Facing headwinds from slowing demand in China, the German economy must now grapple with potential Brexit fallout.
- German economy shrank by 0.2 percent in third quarter of 2018
- China, a major export destination, also slowed down last year
- UK is an important part of German manufacturing supply chains
Germany is Europe’s economic powerhouse but it’s running low on steam as one of its biggest export markets – China – slows down. Now, another event closer to its shores could add to those headwinds: the UK’s possible exit from the European Union without a trade deal.
The UK is already bearing the cost of Brexit uncertainty as companies delay, divert or halt investment ahead of its scheduled European Union divorce date of March 29. But if Britain crashes out of the bloc without a deal, a so-called “hard Brexit”, the resulting trade barriers could also spell trouble for Germany’s export-driven economy.
The German Economic Institute (IW), a liberal think-tank, estimates that Germany’s exporters would face extra tariffs of nearly $3.8bn if the UK left the EU without a trade deal.
“In the worst case this could reduce German-UK exports by over 50 percent,” IW Director Michael Huther told Al Jazeera. “As these exports are 2.6 percent of German GDP, the impact on the German economy could be severe.”
German companies, large and small, worry about the possibility of disruptions to supply chains, the movements of raw materials and parts involved in the manufacture of complex products.
Many companies send components back and forth across the UK’s borders several times before they are assembled into their final products.
Currently, this not a problem because there are no tariffs imposed on goods moving between EU countries. But if the UK leaves without a trade deal, cross-border tariffs may have to be levied, requiring customs inspections at borders, slowing manufacturing down and increasing the costs of production.
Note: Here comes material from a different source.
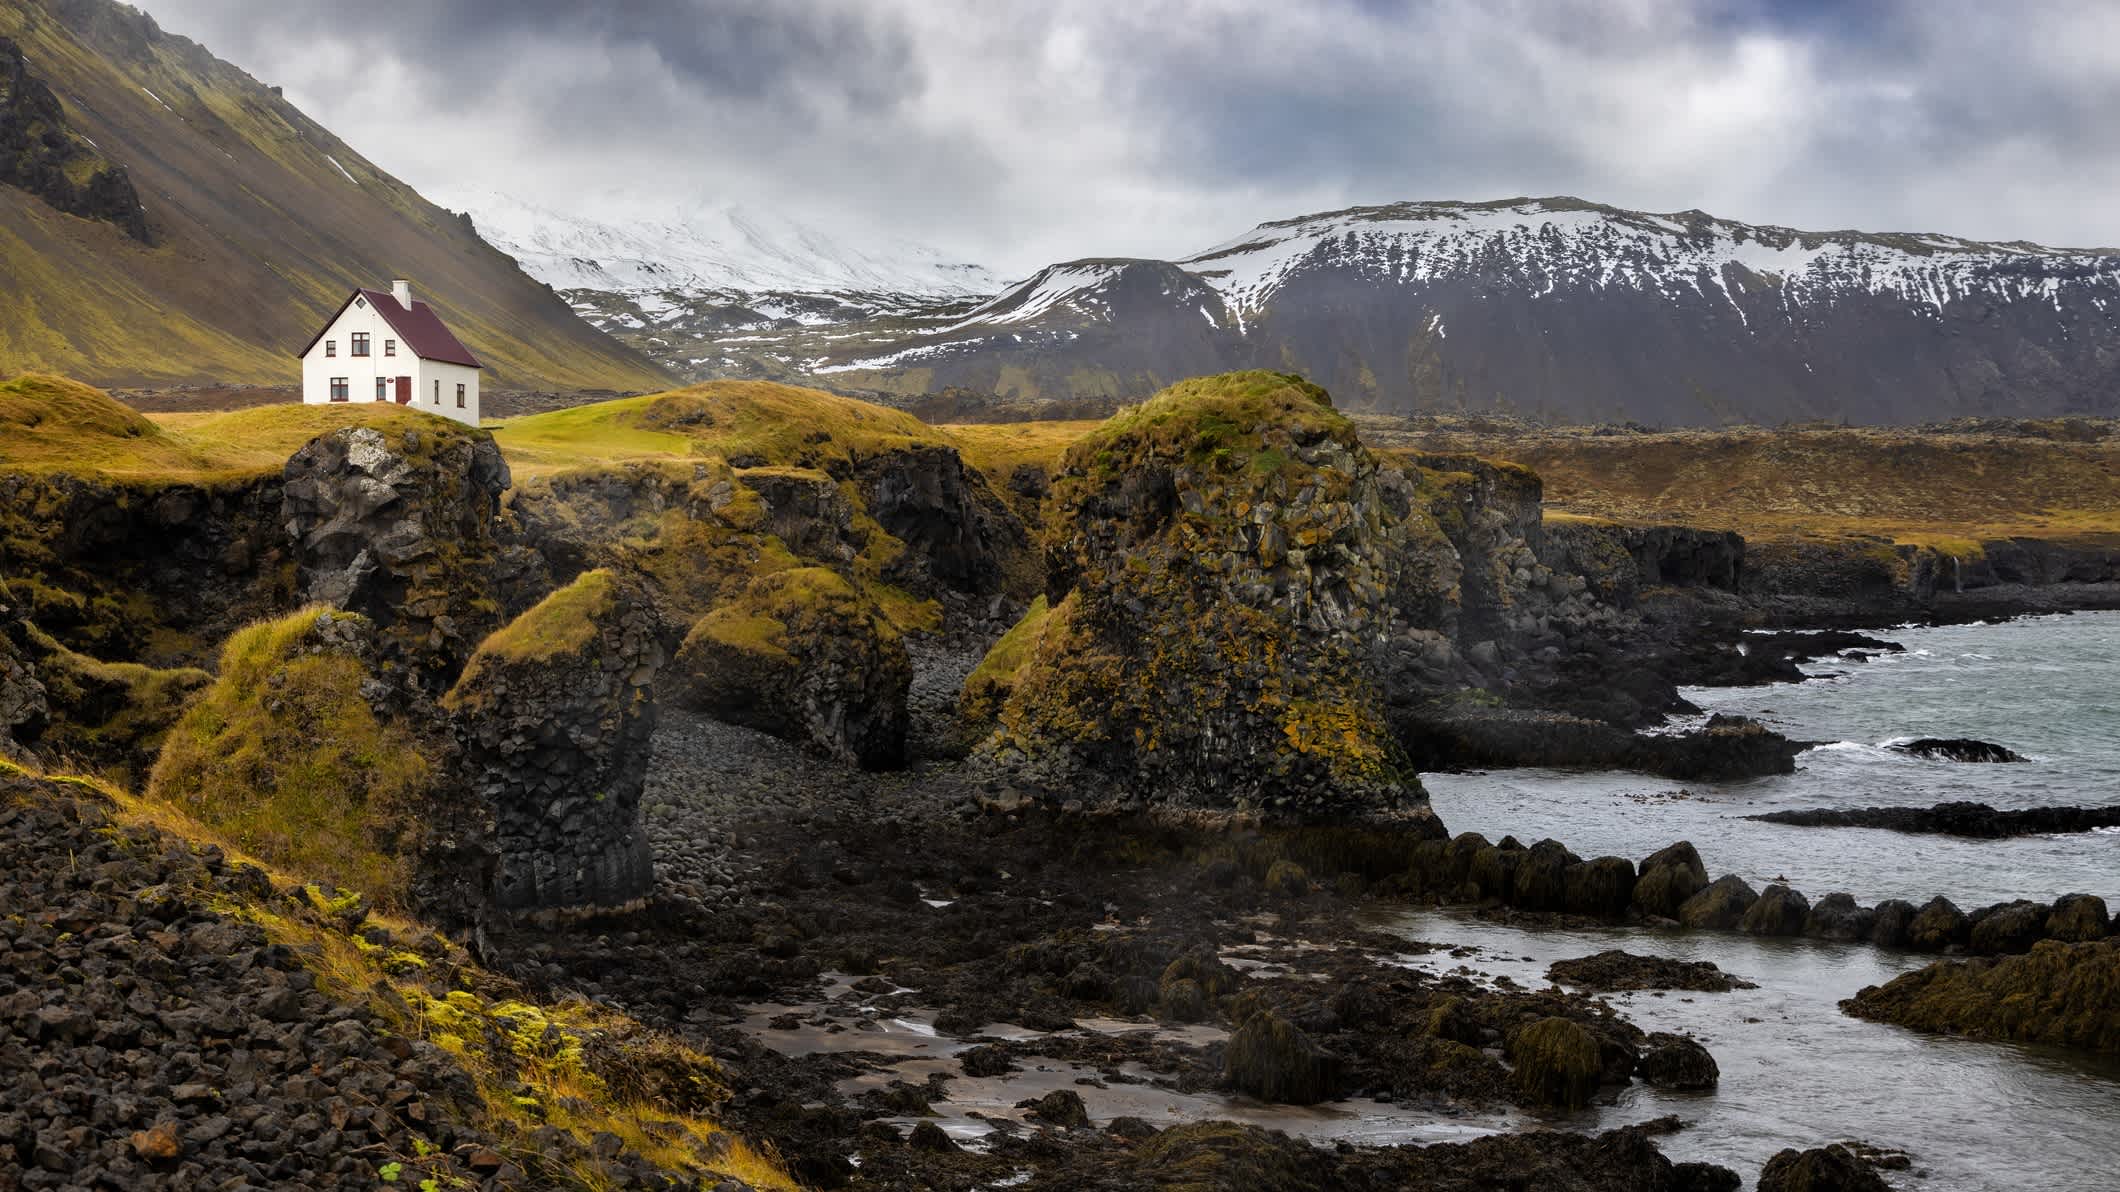 La côte déchiquetée de l'île d'Arnarstapi, péninsule de Snaefellsnes, Islande.

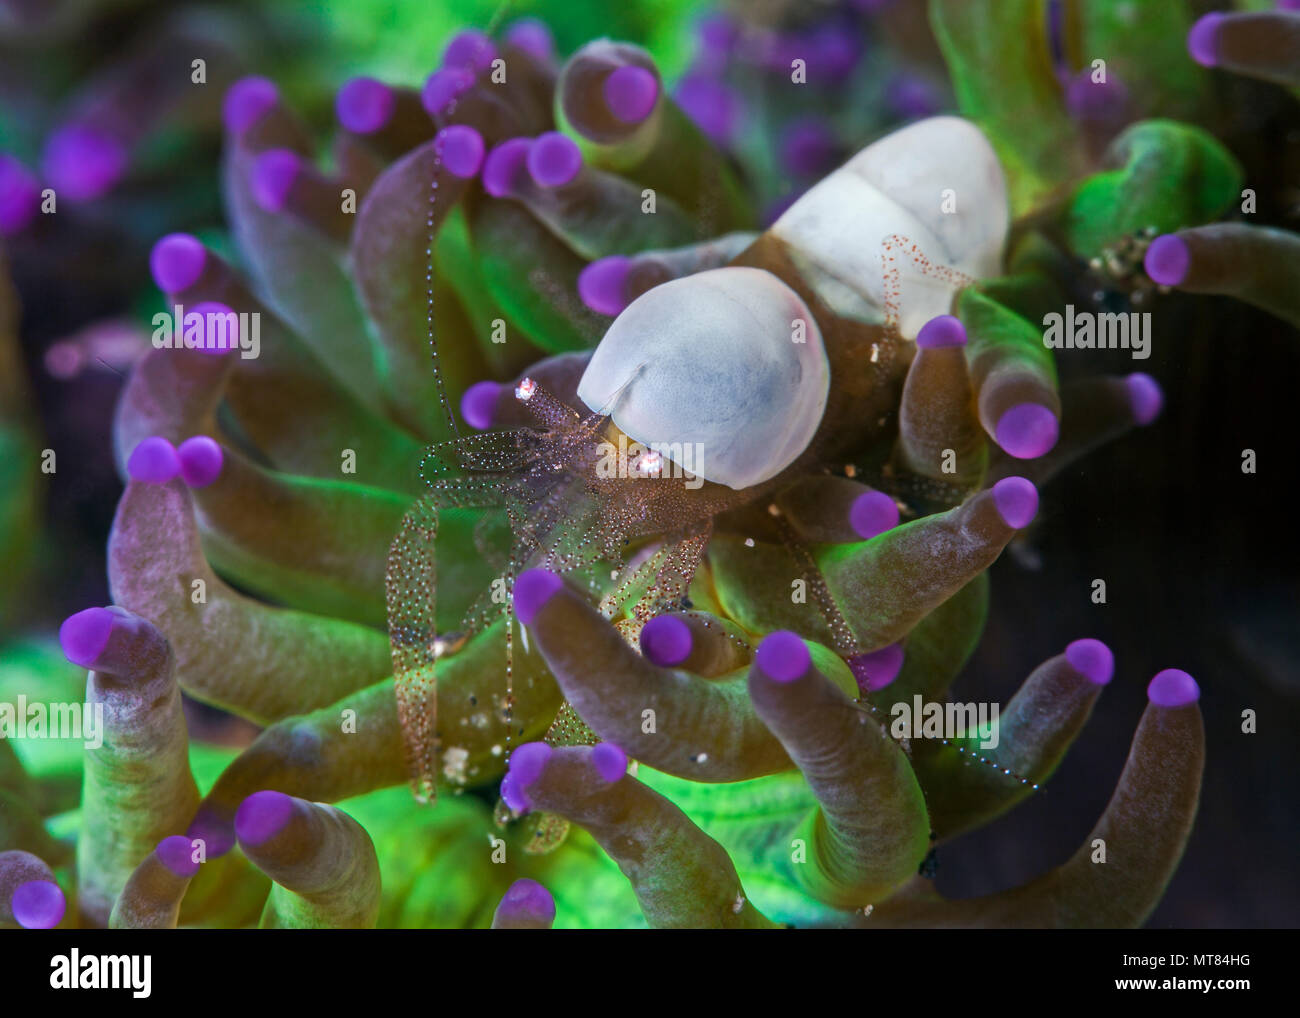 Schließen Sie herauf Bild der Kommensale Eierschale Garnelen (Hamopontonia corallicola) eingebettet in bioluminescent Tentakeln der Host Coral. Lembeh Straits, Indonesien. Stockfoto

“Even in the case of a relatively smooth withdrawal from the European Union, we still expect to face permanently higher costs,” Nicholas Peter, chief financial officer of German auto giant BMW, said in a statement last month.
Dicey economic times
The possibility of a hard Brexit is happening at an especially dicey moment for the German economy, which shrank by 0.2 percent in the third quarter last year; the first contraction since 2015.
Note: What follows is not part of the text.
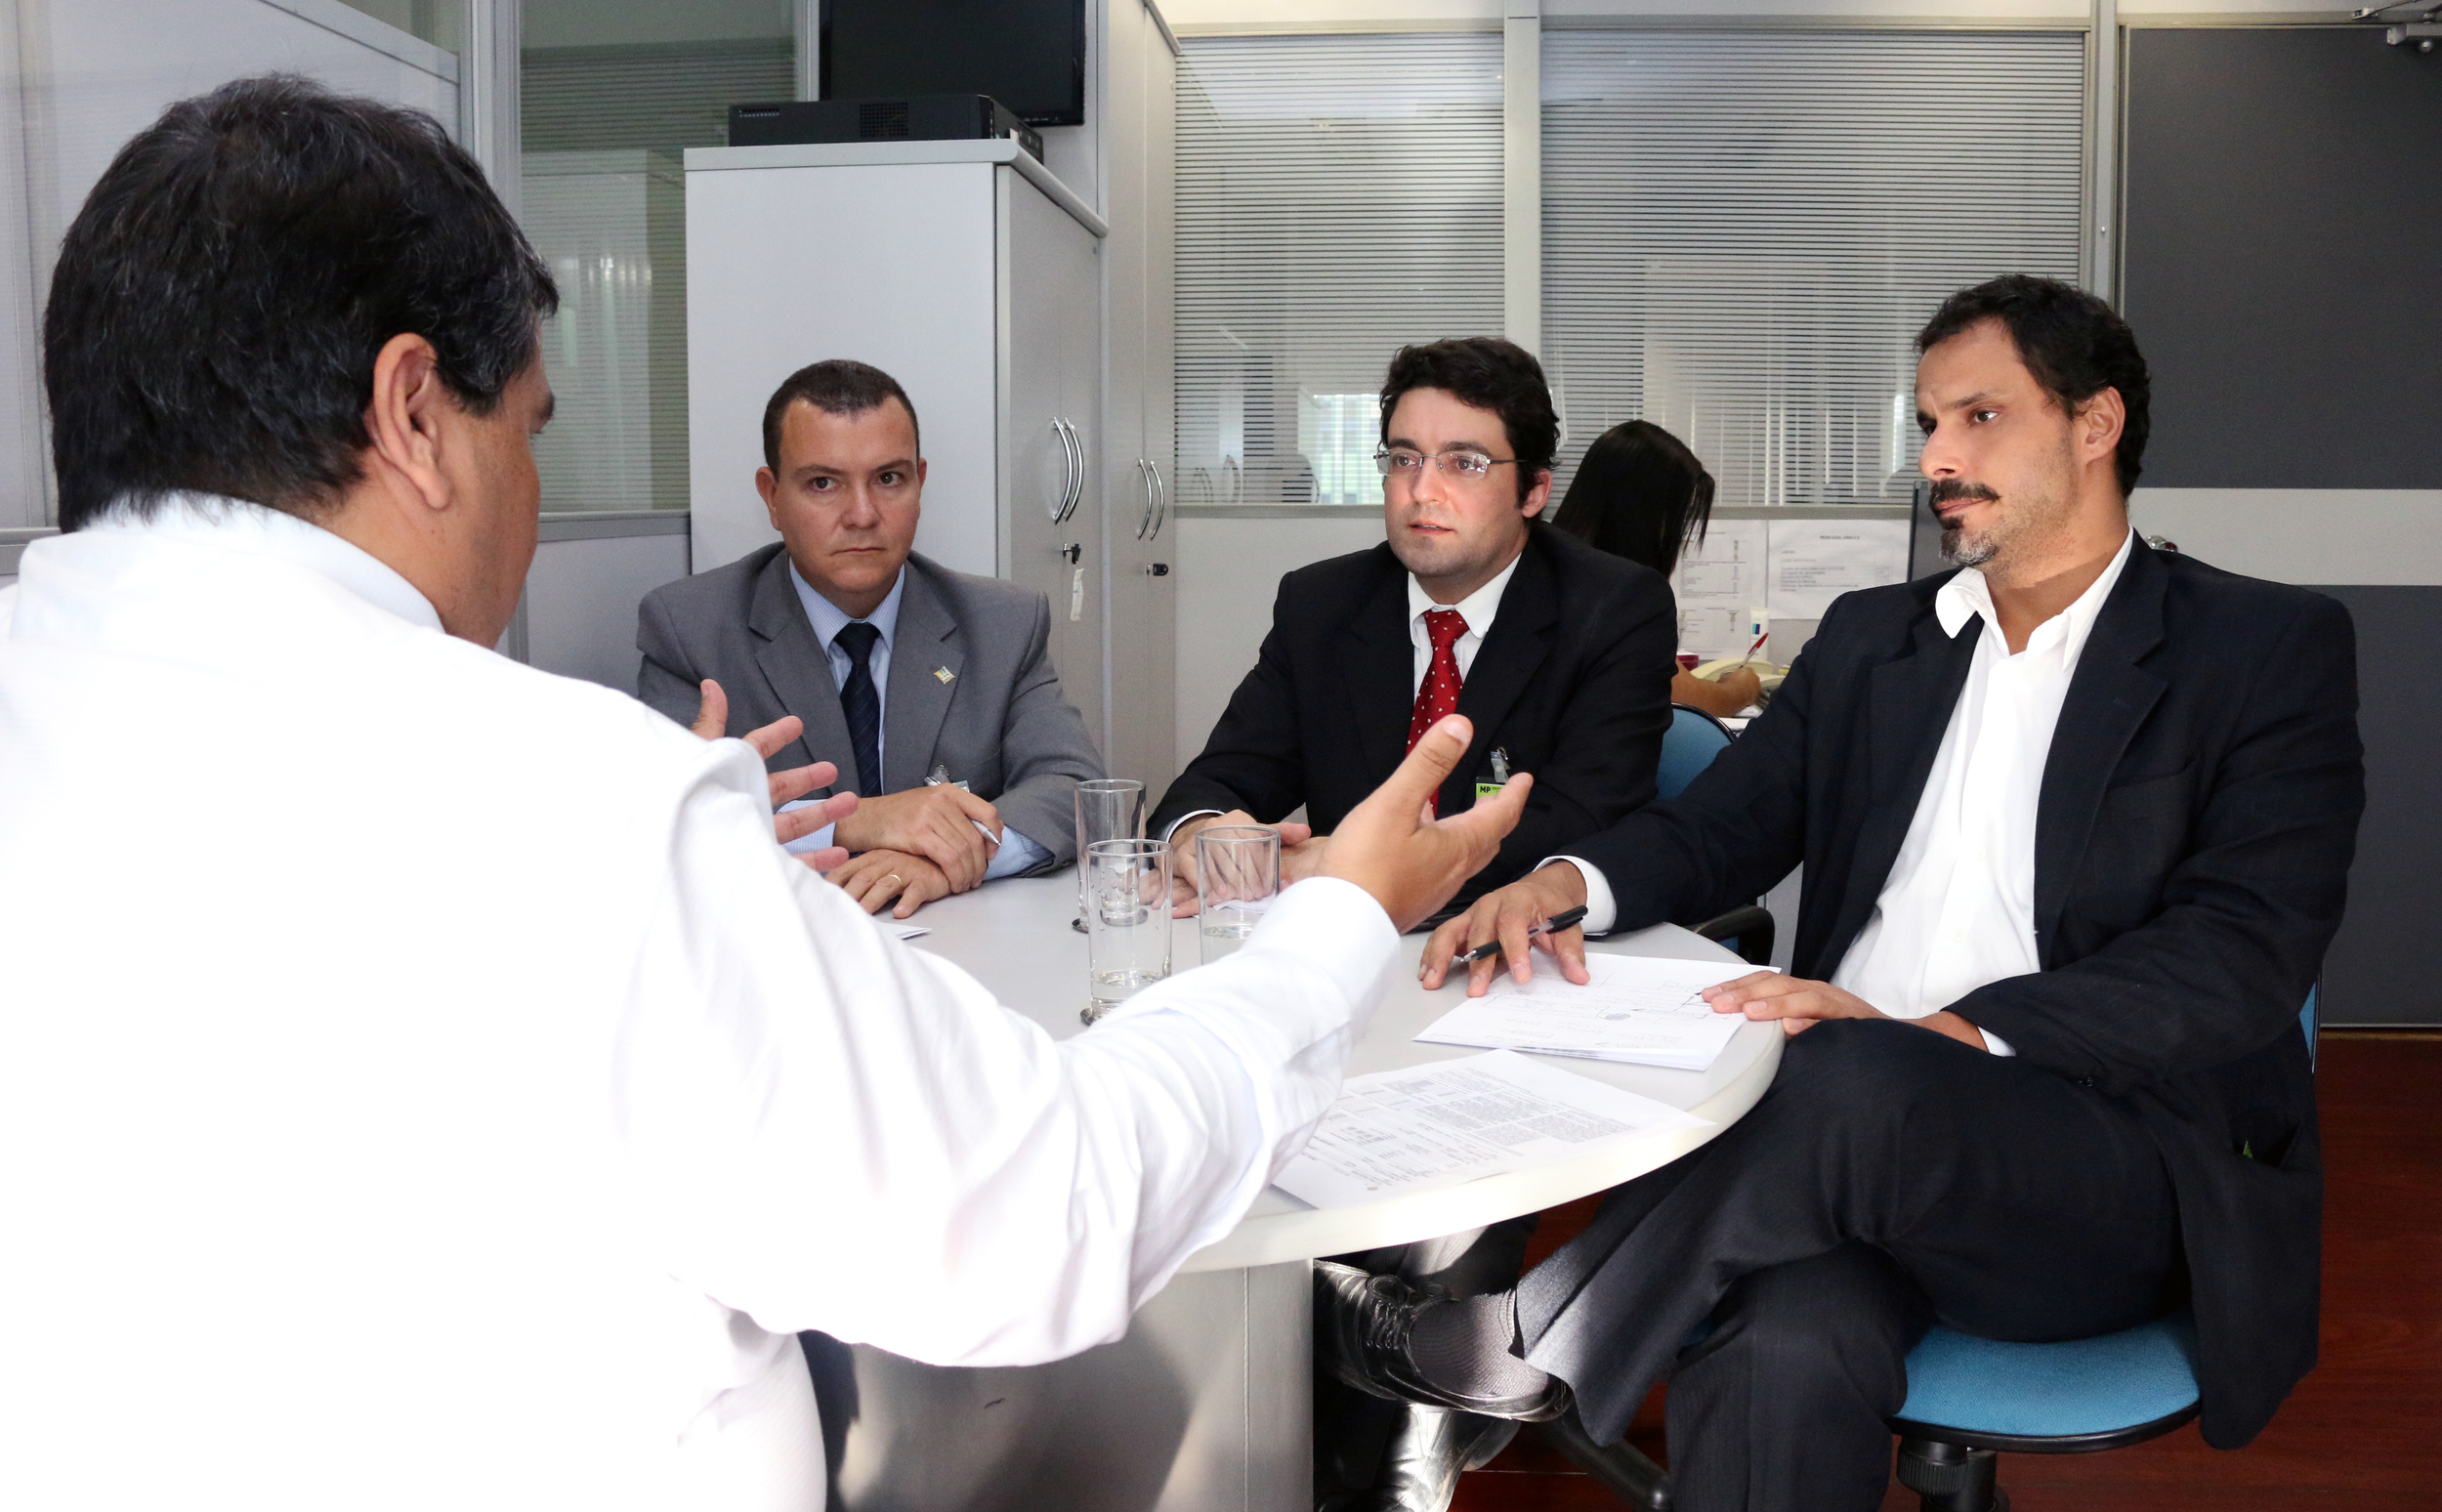 Tito Fróes, João Aurélio, Alex Canuto e Andrei Soares em reunião. Foto: Filipe Calmon / ANESP

The outlook for the fourth quarter and beyond also appears weak.
Unusually low water levels last summer in the Rhine river, a major artery for shipping raw materials and industrial components, hindered production for some German manufacturers.
Meanwhile, Germany’s third-biggest export market, China, reported its slowest annual economic growth in almost three decades. The deceleration has already curbed Chinese appetite for German cars and industrial goods.
How much pain a hard Brexit could throw into the mix for German exporters varies widely depending on a firm’s geography and size.
The country’s hugely important small- and medium-sized industries, the so-called “Mittelstand”, could be particularly vulnerable.
Mittelstand make up more than 99 percent of German companies, employ over 61 percent of the country’s workforce and account for nearly 34 percent of the total turnover of German enterprises, according to the latest available official data.
“Large companies have their worst-case Brexit plans already in place and started relocating when a hard Brexit became possible,” said IW’s Huther. “In contrast, smaller Mittelstand companies are aware of the risks, but lack the manpower to address all scenarios. These companies will suffer the worst.”
Another concern is the potential knock-on effect a sharp slowdown in Germany could have on the rest of the EU.
“The German economy is really a lot larger than Germany,” said Erik Jones, director of European and Eurasian studies at the Johns Hopkins School of Advanced International Studies in Bologna, Italy.
“When we talk about the impact of Brexit on Germany, what we’re really talking about is the impact of Brexit on this very large and complex manufacturing construct that has evolved over the last two decades,” Jones told Al Jazeera.
Resilience and winners
Some believe the German economy is sufficiently resilient to withstand a hard Brexit even if manufacturing supply chains are disrupted.
“For those companies that are affected, this is a disaster,” said Stefan Kooths, head of the Forecasting Center at the Kiel Institute for the World Economy. “But not all companies are exposed to these risks,” he told Al Jazeera.
Brexit could even prove a boon for some sectors of the German economy. Case in point – the country’s financial services industry.
The lobby group Frankfurt Main Finance estimates banks are looking to move up to $900bn in assets from London to Frankfurt in the first quarter of this year. The group also predicts that as many as 10,000 financial jobs could relocate from London to Frankfurt by 2024.
That’s because a hard Brexit could result in financial institutions such as banks and insurance companies losing their rights to sell services across the region, a system known as “passporting”. Relocating to another financial centre within the EU would ensure they can continue to do business across national borders smoothly.